Document the default garbage_collection_threshold value and improve the organization of cuda docs (pytorch#155341)

ParagEkbote · pytorchmergebot · commit 2908c10259ba · 2025-06-08T22:09:35.000Z
Fixes pytorch#150917 As mentioned in the issue, I've updated the documentation of `garbage_collection_threshold`and improved the organization. Could you please review? Pull Request resolved: pytorch#155341 Approved by: https://github.com/AlannaBurke, https://github.com/ngimel
diff --git a/docs/source/notes/cuda.rst b/docs/source/notes/cuda.rst
@@ -511,6 +511,8 @@ Available options:
   80% of the total memory allocated to the GPU application). The algorithm prefers
   to free old & unused blocks first to avoid freeing blocks that are actively being
   reused. The threshold value should be between greater than 0.0 and less than 1.0.
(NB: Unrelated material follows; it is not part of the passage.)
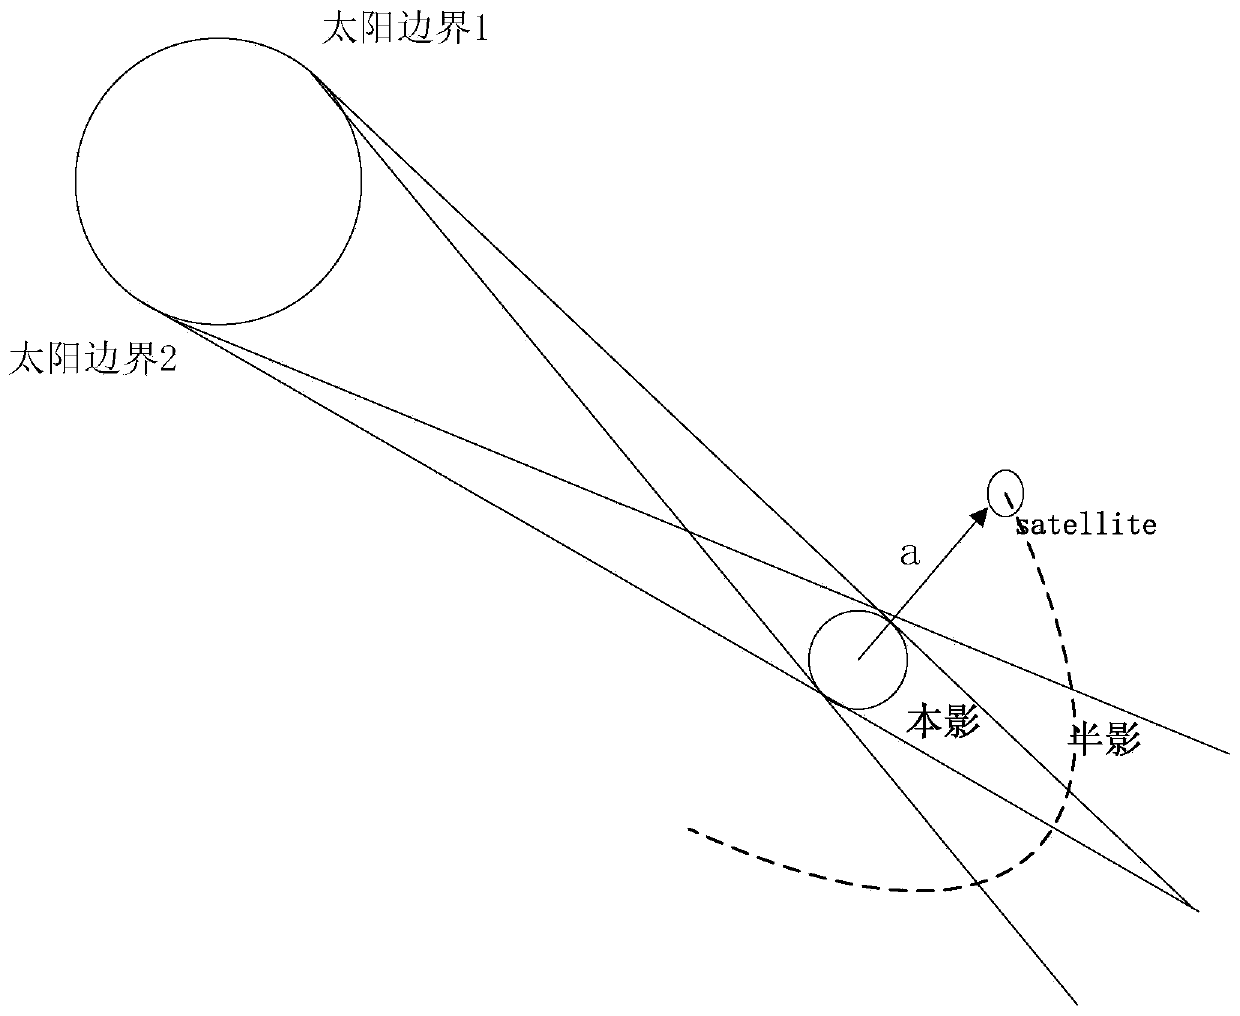 Earthlight light pressure perturbation modeling method for navigational satellite complicated model

+  The default value is set at 1.0.
+
   ``garbage_collection_threshold`` is only meaningful with ``backend:native``.
   With ``backend:cudaMallocAsync``, ``garbage_collection_threshold`` is ignored.
 * ``expandable_segments`` (experimental, default: `False`) If set to `True`, this setting instructs
@@ -546,20 +548,20 @@ Available options:
   appended to the end of the segment. This process does not create as many slivers
   of unusable memory, so it is more likely to succeed at finding this memory.
 
-  `pinned_use_cuda_host_register` option is a boolean flag that determines whether to
+* `pinned_use_cuda_host_register` option is a boolean flag that determines whether to
   use the CUDA API's cudaHostRegister function for allocating pinned memory instead
   of the default cudaHostAlloc. When set to True, the memory is allocated using regular
   malloc and then pages are mapped to the memory before calling cudaHostRegister.
   This pre-mapping of pages helps reduce the lock time during the execution
   of cudaHostRegister.
 
-  `pinned_num_register_threads` option is only valid when pinned_use_cuda_host_register
+* `pinned_num_register_threads` option is only valid when pinned_use_cuda_host_register
   is set to True. By default, one thread is used to map the pages. This option allows
   using more threads to parallelize the page mapping operations to reduce the overall
   allocation time of pinned memory. A good value for this option is 8 based on
   benchmarking results.
 
-  `pinned_use_background_threads` option is a boolean flag to enable background thread
+* `pinned_use_background_threads` option is a boolean flag to enable background thread
   for processing events. This avoids any slow path associated with querying/processing of
   events in the fast allocation path. This feature is disabled by default.